その姿はまるで邪神に生贄を捧げる狂信徒の様だった。
「お、おい! 何をし……まさか、やめろぉぉお!」
悪魔は目の前の肉――アレミラの太腿に歯を立てた。
薄く色白の皮膚はその歯の鋭さに耐え切れず、すぐに赤い鮮血を吹き出した。
言葉にならない絶叫を発しながらがむしゃらに藻掻くが、強く握られた腕から逃れることは適わない。
まるで手羽先肉を食すように骨だけを残し、悪魔は肉を削ぎ取り食べていった。
肉を飲み込む度に悪魔のただれた皮膚は修復されていく。腕も脚も、そして顔も。
あまりの痛みに痙攣し、意識を手放しかけていたアレミラの目にもその様子は映っていた。
「な……んで、ソルベロイ様のお顔が……?」
「俺を知っていたか。そうさ、俺はソルベロイ……英雄と呼ばれた男の成れの果てだ。大切な俺の仲間を傷つけたお前の罪……その身で以て知ってもらおう」
口元を真っ赤に染めながら悪魔は答え、再び血の滴る肉へと食らいつく。
「ぐあっああ! うそ……嘘よ! ソルベロイ様の……ような方が……悪魔に、堕ちるは……ずが」
「別に信じてもらう必要はないんだがな……」
「たす、け……て……そる、べろい……さ……ま」
洞窟でレイチェルと再開したときのやり取りに似ている気がした。
激情に任せ、本物の悪魔のような非道さで食い殺そうと思っていたソルベロイの熱は次第に冷めていく。

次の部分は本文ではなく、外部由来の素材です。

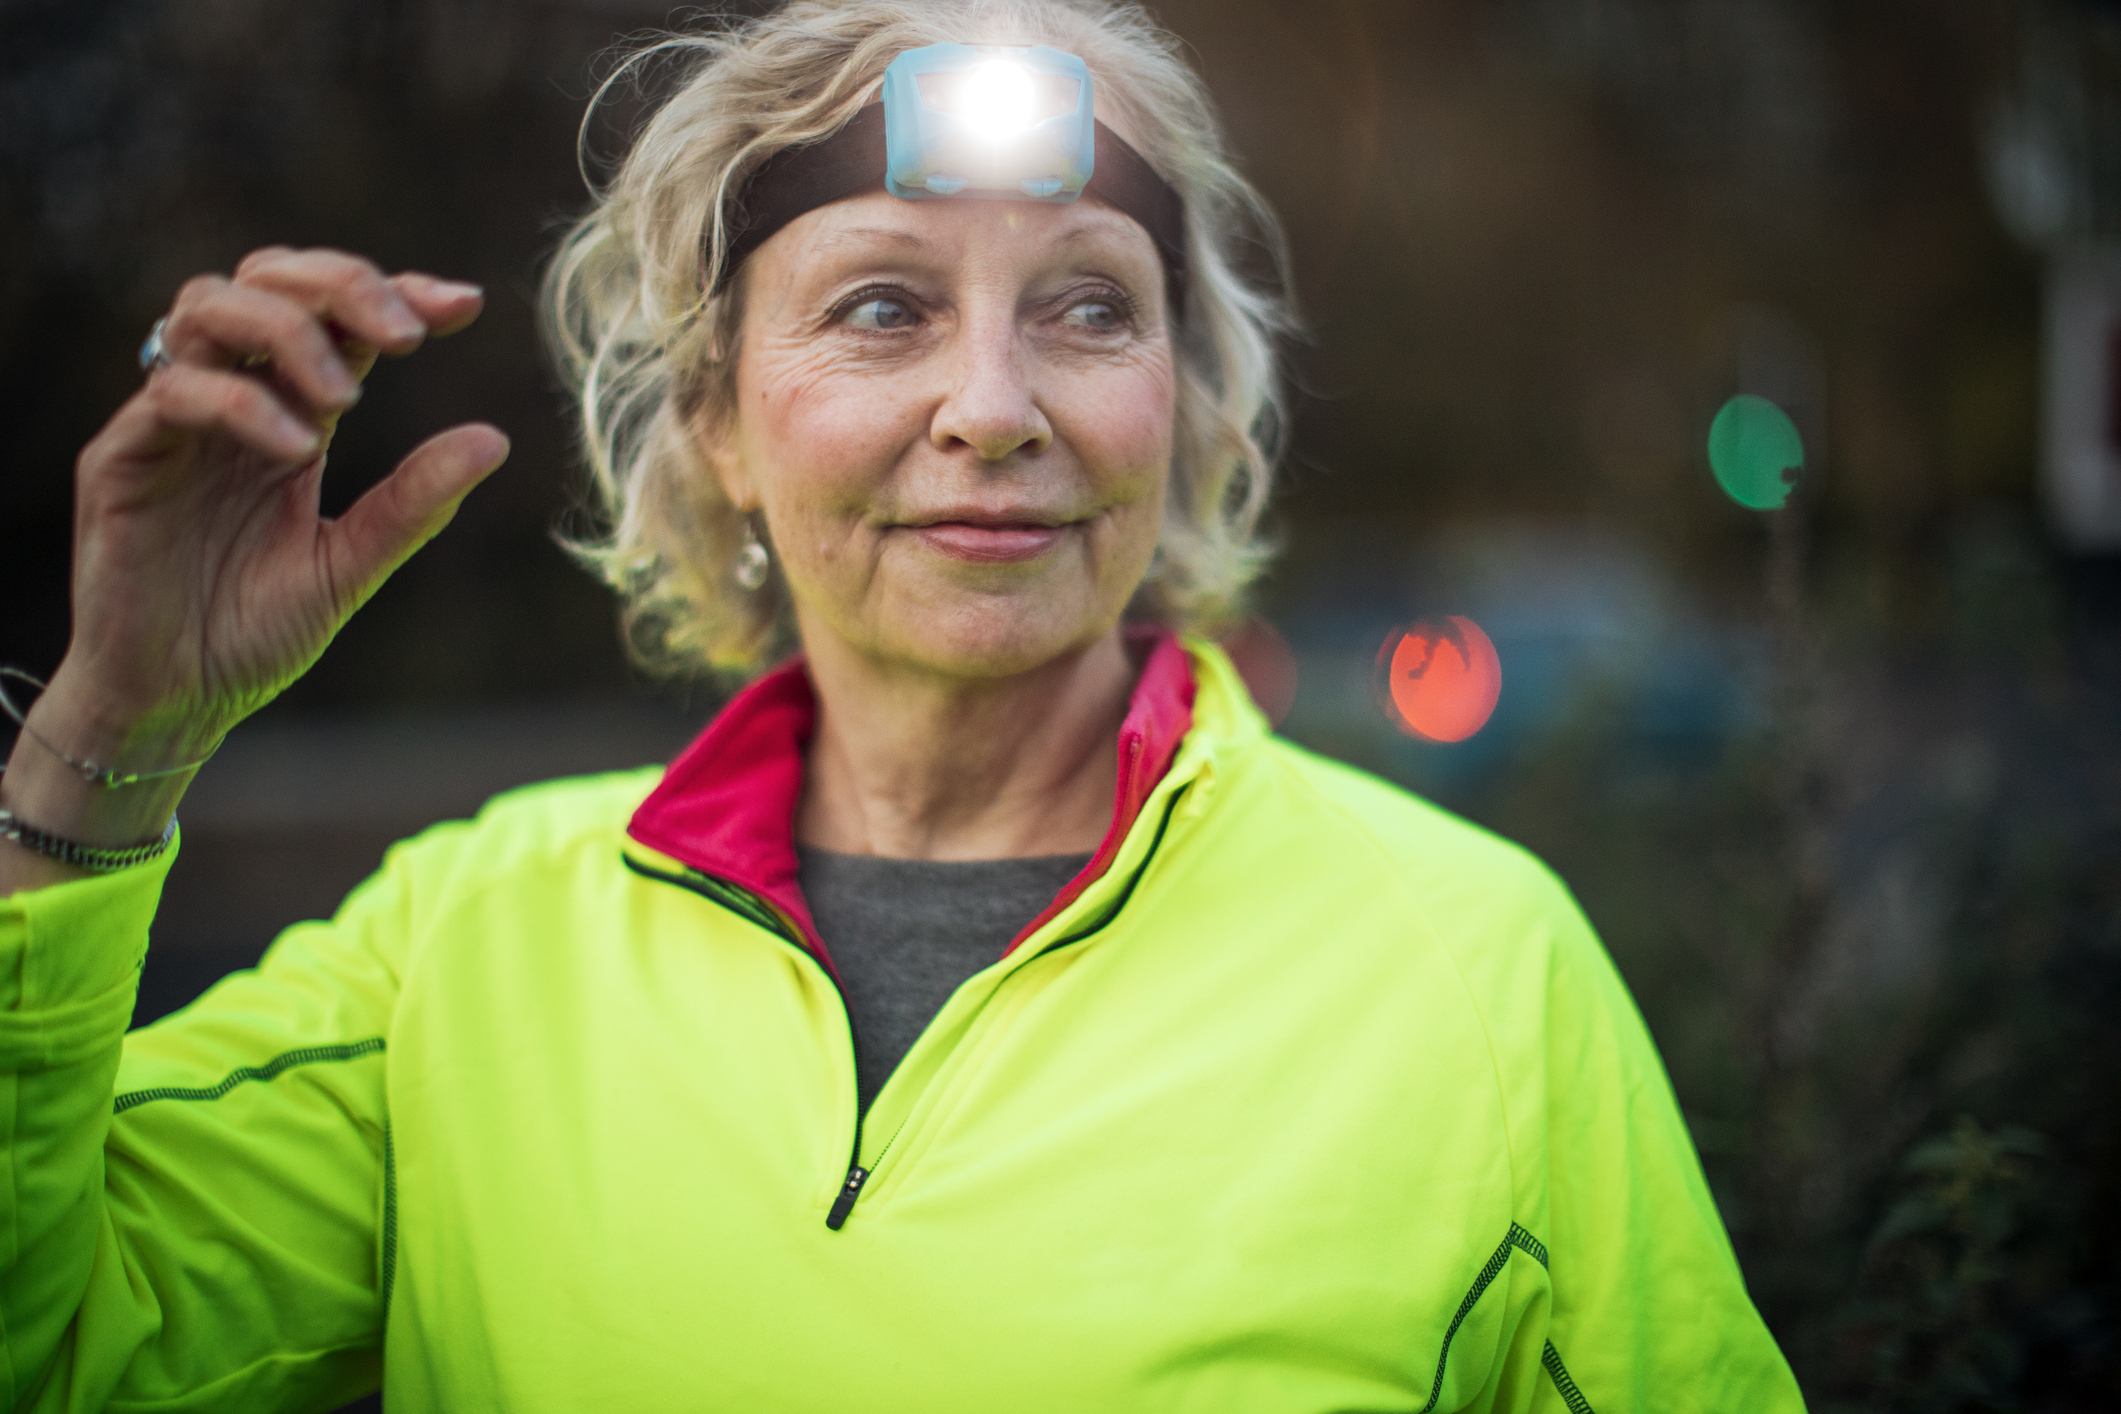 Brustlampe oder Stirnlampe beim Nordic Walking

しっかりと人間の心が戻っていることの証左なのだろう。
見るに忍びない無残な姿はソルベロイに憐憫の情を抱かせた。
「……ならせめて、これ以上の苦痛から解放してやろう」
ソルベロイは腕を掴んでた脚から首に持ち替える。そのまま力を込めれば、抵抗する力も残っていないアレミラの首を落とすことは容易だ。
「ロイ……! だめっ……!!」
掠れた小さな声。
されど必死な思いを込めた声がソルベロイの耳に届く。
その声の出処はレイチェルを隠した建物の屋上方向。振り向けば、レイチェルが建物の屋上から身を乗り出していた。
その言葉を言うのが精一杯だったのか、体勢を崩して落下を始める。
「レイチェル!」
ソルベロイはアレミラを離し、落下するレイチェルの下へ駆け寄るとその身体を受け止めた。レイチェルは再び気を失っていた。
「駄目って、どういう……あいつが仇じゃないのか!?」
アレミラも既に失神し、その問に答えるものは誰も居ない。
ソルベロイは焦った。勘違いから重大な失敗を犯してしまったかもしれないと考えたからだ。
しかし、のんびりと考え込んでいる暇はない。
アレミラの失血量は既に死んでもおかしくない域に達している。それに加えて、戦闘を見守っていた兵士達が再度集まって来るのも時間の問題だ。
そこでソルベロイの出した結論は、二人とも連れて逃げる、だった。
帝国の衛生兵が戦いの場に残した薬瓶入りの鞄を背負い、両手に一人ずつ抱えて走り出す。
十分な肉を摂取出来たソルベロイの体は更に超越的な力を発揮し、城壁を軽々と乗り越えた。
そして、追手も付かせぬまま壁外の廃屋へと逃げ帰ることが出来たのだった。